Statistical Properties of the Generalized Inverse Gaussian Distribution. Authors (view affiliations) Bent Jørgensen; Book. Buy Softcover Book. Learn about institutional subscriptions. Chapters Table of contents (7 Gaussian distribution Likelihood Normal distribution Properties Variance Verallgemeinerte inverse Gaussverteilung.

Description inverse Gaussian distribution FB2

The Inverse Gaussian Distribution. Density function, distribution function, quantile function, random generation, raw moments, limited moments and moment generating function for the Inverse Gaussian distribution with parameters mean and shape.

Click on the article title to read more. This is a video demonstration of how to show that the Inverse Normal (Inverse Gaussian) distribution is a member of the natural exponential family of distrib. For testing the fit of the inverse Gaussian distribution with unknown parameters, the empirical distribution‐function statistic A 2 is studied.

Two procedures are followed in constructing the test statistic; they yield the same asymptotic distribution. In the first procedure the parameters in the distribution function are directly estimated. The Poisson, gamma, and inverse-Gaussian distributions are perhaps less familiar, and so I provide some more detail:5 • The Gaussian distribution with mean μ and variance σ2 has density function p(y)= 1 σ √ 2π exp (y −μ)2 2σ2 () • The binomial distribution for the proportion Y of successes in n independent binary trials.

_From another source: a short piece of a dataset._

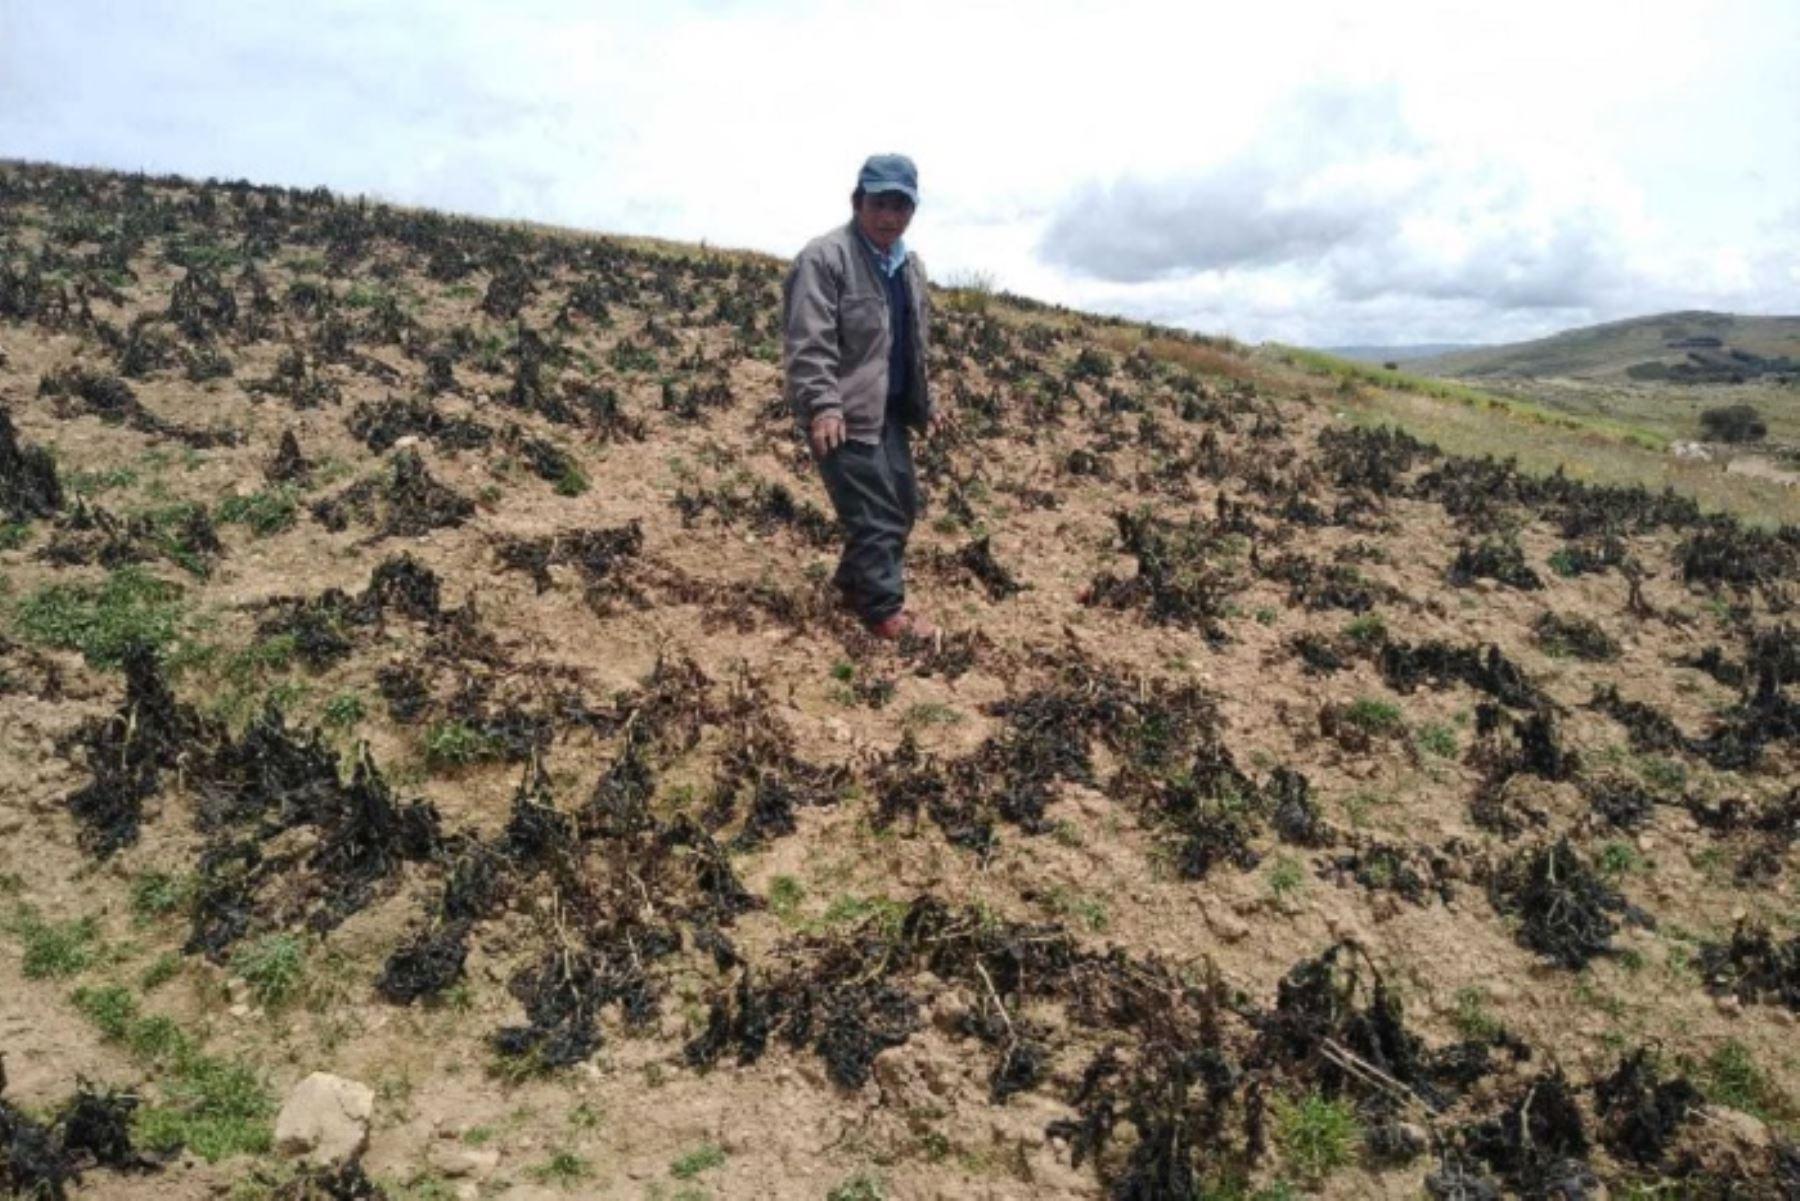 A causa de intensas heladas, los agricultores del distrito de Pucará, en la provincia de Huancayo, (Junín); y de Pazos en la provincia de Tayacaja (Huancavelica), sufrieron cuantiosas pérdidas económicas, hecho que los ha sumido en una dramática situación.
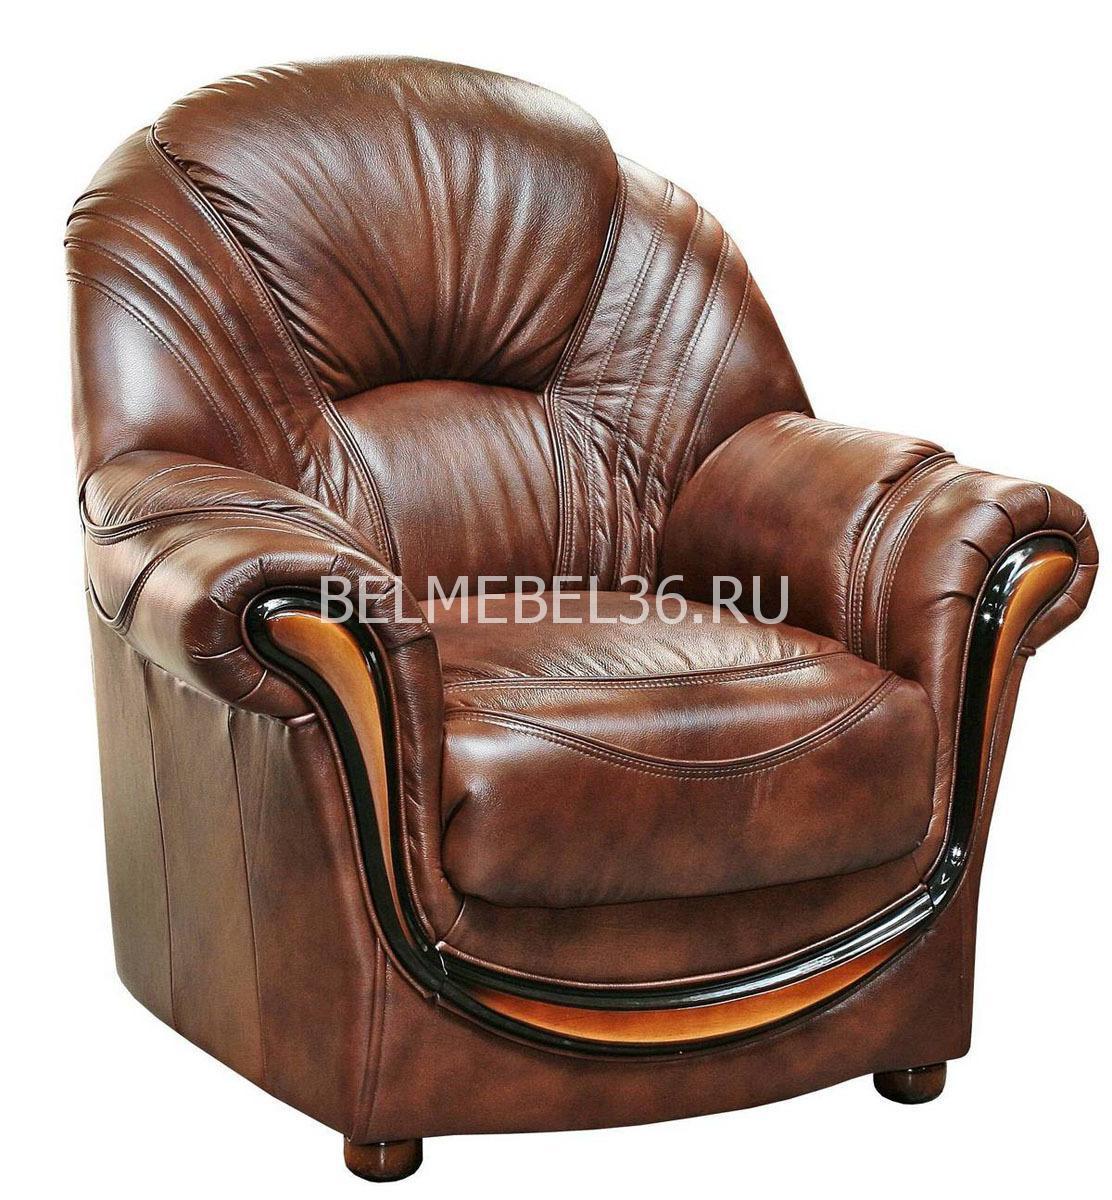 Кресло Дельта (12) П-Д071   Белорусская мебель в Воронеже

Multivariate normal inverse Gaussian distribution: parametrization. Let a scalar quantity u i g, termed the mixing component, be inverse Gaussian distributed u i g ∼ I G (δ g ̃, γ g ̃) where in the standard case δ ̃ g = 1 for all g = 1, 2,G. Hence (1) f (u i g) = 1 2 π exp (γ ̃ g) u i g − 3 2 exp (− 1 2 [1 u i g + γ.

The inverse Gaussian distribution is named so because it satisfies the inverse relationship with a normal distribution (Chhikara and Folks, ). It is also characterized as the distribution of the first passage time of a Brownian motion to a wall with a fixed height or as the limiting distribution of certain types of distributions of waiting.

'This book is an important addition to the literature on the inverse Gaussian distribution.'J.L. Folks, Oklahoma State University, International Statistical Institute, Vol. 14, No. 3 - December"This text provides a thorough, predominantly theoretical, overview of the inverse gaussian distribution and should prove indispensable to those who have discovered the value of this distribution.This distribution appears to have been first derived by Erwin Schrödinger in as the time to first passage of a Brownian motion.

The name inverse Gaussian was proposed by Tweedie in Abraham Wald re-derived this distribution in as the limiting form of a sample in a sequential probability ratio test. Maurice Tweedie investigated this distribution in and established some of.

For nearly 60 years, the lognormal distribution has been the most widely used function in the field of atmospheric science for characterizing atmospheric aerosol size distribution.

We verify whether the three-parameter inverse Gaussian distribution (IGD) is a more suitable function than the lognormal distribution for characterizing aerosol size.